Fleischer said his main problems directing the cast were getting Olivier to tone down his performance, and building up Diamond's confidence. According to Arnaz, Diamond was nervous about his acting debut, and would become irritable when he could not perform a scene. The two directors handled this situation very differently: whereas Furie — who, along with other crew members, was intimidated by Diamond's status as a successful musician — would have the script rewritten to be tailored to Diamond, Fleischer would calm Diamond down and work with him on the scene. Arnaz discovered during filming that she became pregnant two weeks into filming. Months later, when the film premiered, Arnaz could not attend because she was giving birth to her son Simon.

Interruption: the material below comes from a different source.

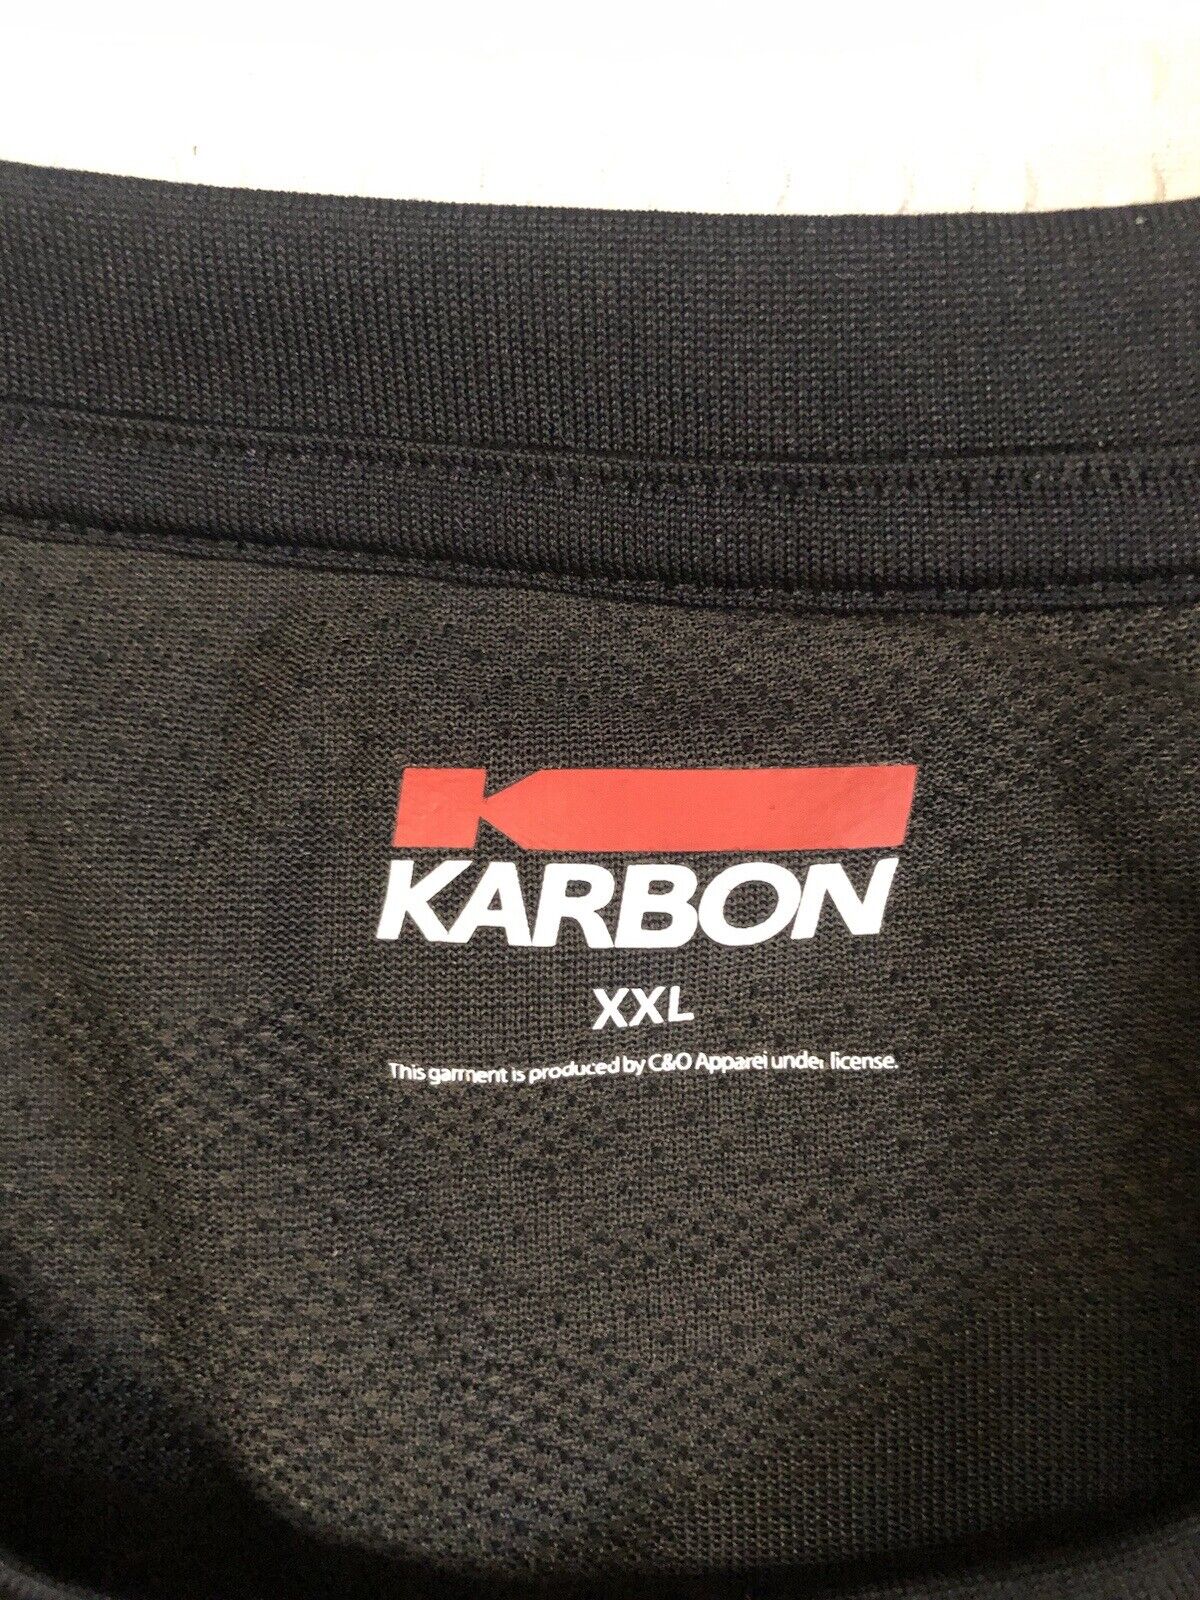 Karbon - Men’s - Quick Dry  Shirt 2XL Black Camo … - image 9

During a scene set in a recording booth, Diamond was having trouble conveying anger during an argument with Arnaz's character. Director Fleischer said that Diamond would go into the adjacent music recording stage where his band was gathered to await his cue and then enter in a supposed rage. During one of the lulls in filming to reset the shot, Fleischer saw him pacing nervously and then suddenly bursting into anger, throwing chairs and smashing equipment. Not wanting to miss an opportunity, the director called "action" and Diamond stormed in and delivered his lines in a very convincing performance. After the scene ended, Fleischer asked the singer what had set him off. He replied that he was upset he couldn't give the desired performance and asked his band to play something to make him angry. "And what did they play?" Fleischer asked. "A Barry Manilow number," replied Diamond.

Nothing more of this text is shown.